This reputation led the British to compare the Native Americans with the undisciplined Kentucky fighters, said Trowbridge.

“The warfare in the West was viewed as a bit more savage,” said Bowes. “For the Americans it’s because of the presence of all these Indian allies. And for the British, it’s in part because of the Kentuckians.”

Remember the Raisin
On Aug. 12, 1812, more than a thousand Kentuckians headed north toward Michigan in summer clothing for what they expected to be a short war.

“After fighting their way up here…they arrived here in the winter of 1813, January, when Michigan was experiencing a very cold winter,” said Dan Downing, chief of interpretation at the River Raisin Battlefield National Park in Michigan.

Historians believe about 100 men died from starvation and exposure to the elements. Even so, the Americans won a victory at Frenchtown over the British. Then they set up for the next battle in haste.
“They don’t fortify the position,” said Klotter. “They know the British are on their way, but they put people in open fields, without any trenches or any kind of earthworks to protect them.”
The British and their Native American allies attacked at 6 in the morning on Jan. 22, 1813. One wing of the American forces was massacred, Klotter said. The other wing fought well but ran out of ammunition and was surrounded. The Americans surrendered, with 500 captured, 400 dead, and 100 who got away, Klotter said.

The captured, wounded men who could not travel stayed behind in cabins. “The great controversy is whether or not the British did all they could to protect those who were unable to travel back to Fort Malden in Canada,” said Downing.

The Native Americans, remembering the Kentuckians’ previous attacks on their villages, sought vengeance. “When an opportunity came to exact revenge, they took the opportunity,” said Downing.
The Native Americans went from cabin to cabin, killing 65 men, in what became known as the massacre of the River Raisin.

The Battle of the River Thames
More defeats that year lowered morale among the Americans, but the tide turned in the fall of 1813 when Americans won control of Lake Erie.
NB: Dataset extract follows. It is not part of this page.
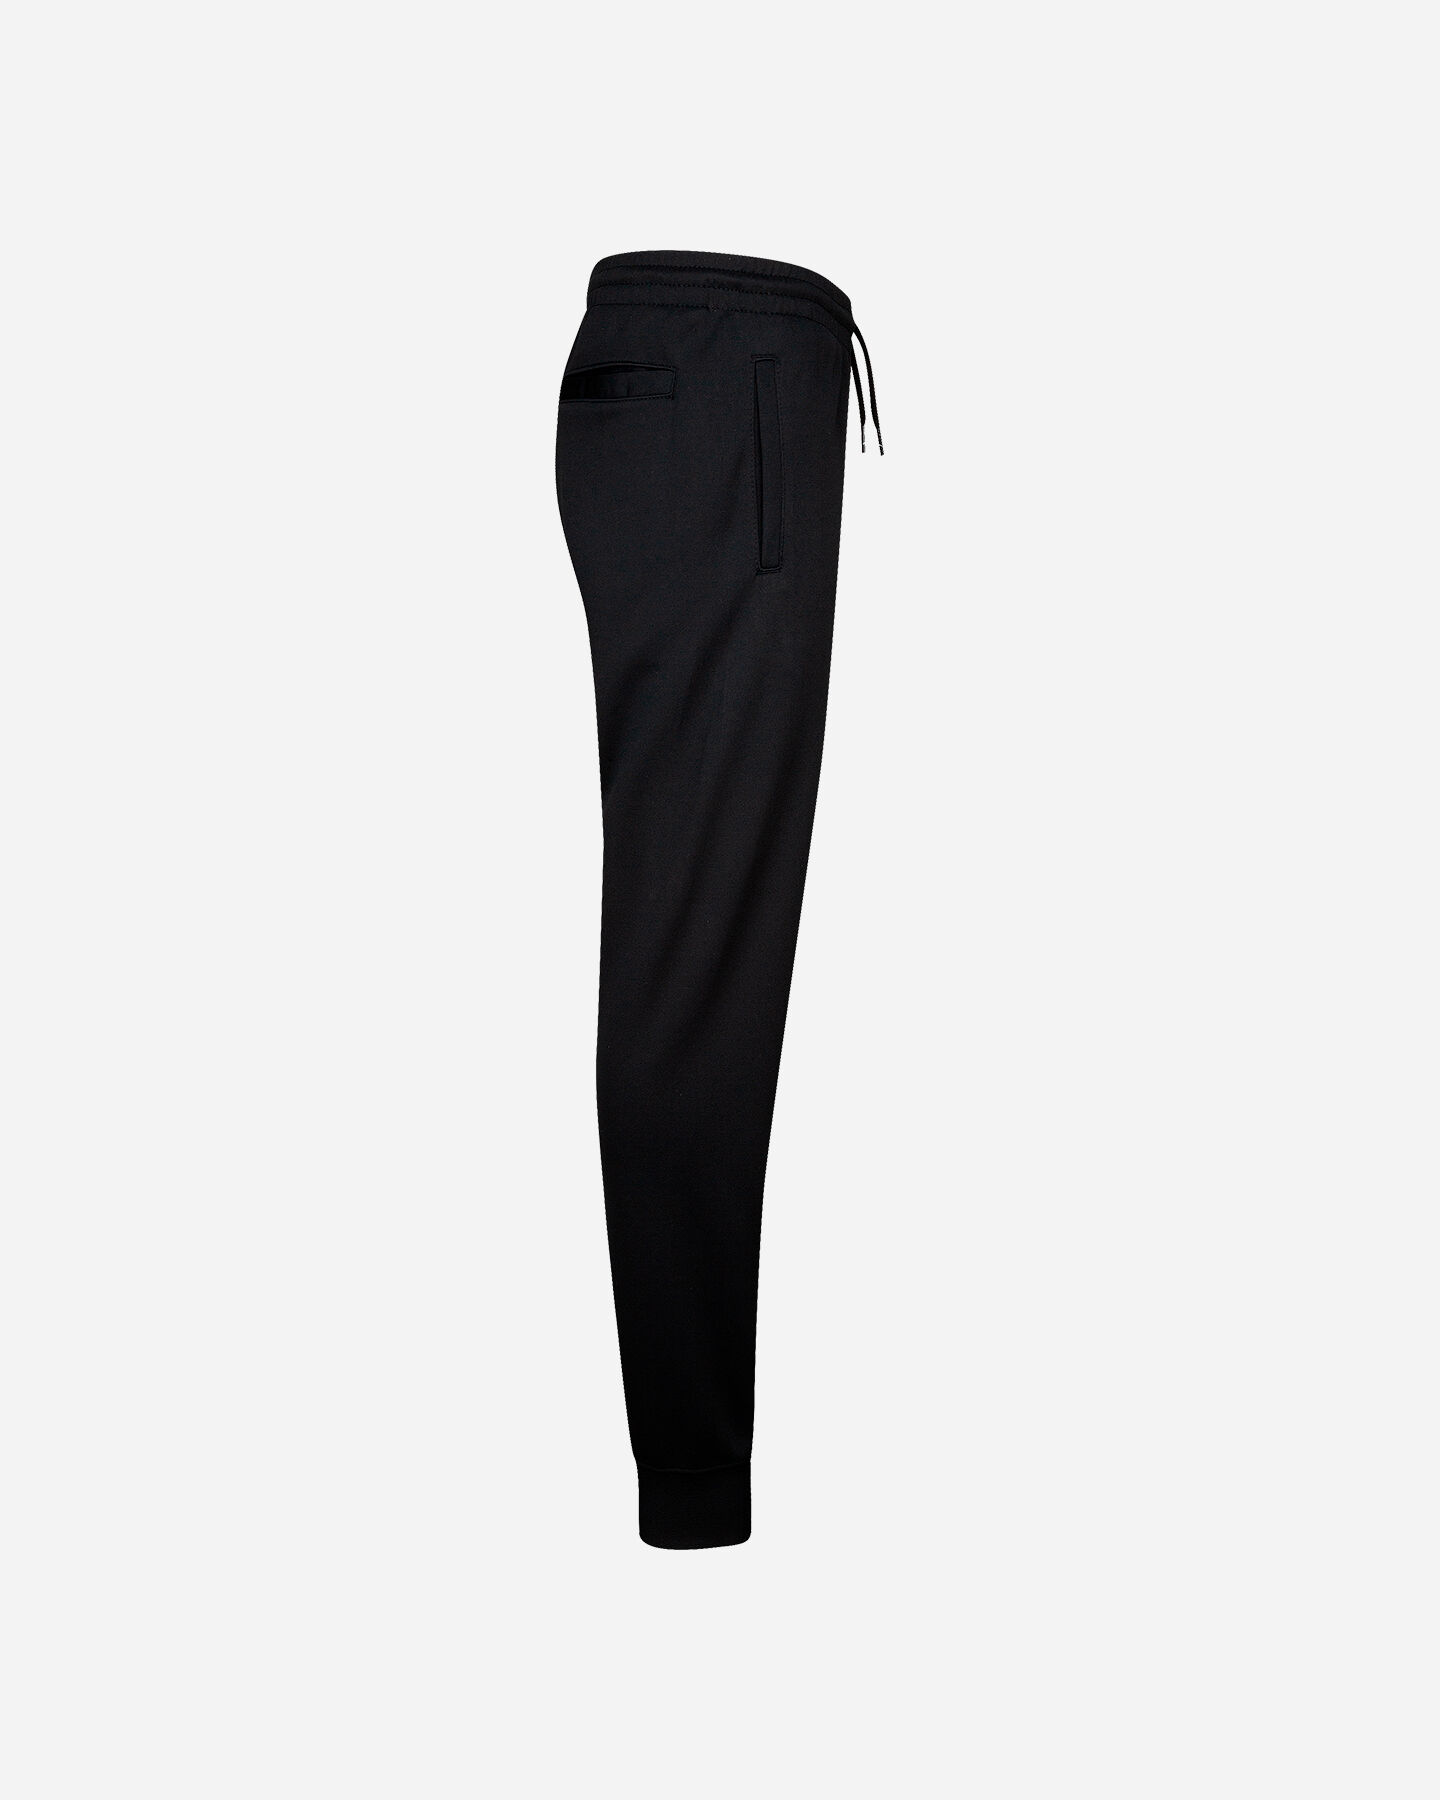 Pantaloncini basket NIKE JORDAN JUMPMAN CLASSIC III JR S5179457 scatto 1

The British and their allies were retreating from Detroit into Canada. “From that moment forward, Tecumseh’s angry,” said Bowes. “Tecumseh cannot believe that the British are essentially surrendering that territory.”

On Oct. 5, 1813, the Kentuckians met the British and their allies again, this time in Ontario, at the Battle of the River Thames.
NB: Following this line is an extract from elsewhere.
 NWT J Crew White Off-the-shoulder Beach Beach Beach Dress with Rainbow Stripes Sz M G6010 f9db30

Twenty mounted Kentuckians, commanded by 64-year-old William Whitley of Kentucky, charged the Native American lines in what was called “Forlorn Hope.” The strategy was to draw fire, then send on the American infantry before the Native Americans could reload. “Only a couple of guys actually survived that charge,” said Trowbridge.

The British pulled back, and Tecumseh was killed. Whitley also was killed, and is buried on the battlefield in an unmarked grave.

The End of the War
After the victories in the West, the flashpoint of the war shifted eastward, to Washington, D.C. and Baltimore. The United States was pushed to the brink of bankruptcy because of the British naval blockade. Britain was war weary with its battles in North America and in Europe with Napoleon.
Negotiations to end the war began, and both sides tried to secure as much territory as possible.
All eyes turned to the port of New Orleans. The British sent a fleet of 8,000 men to take the city. Kentuckians were called to defend the port.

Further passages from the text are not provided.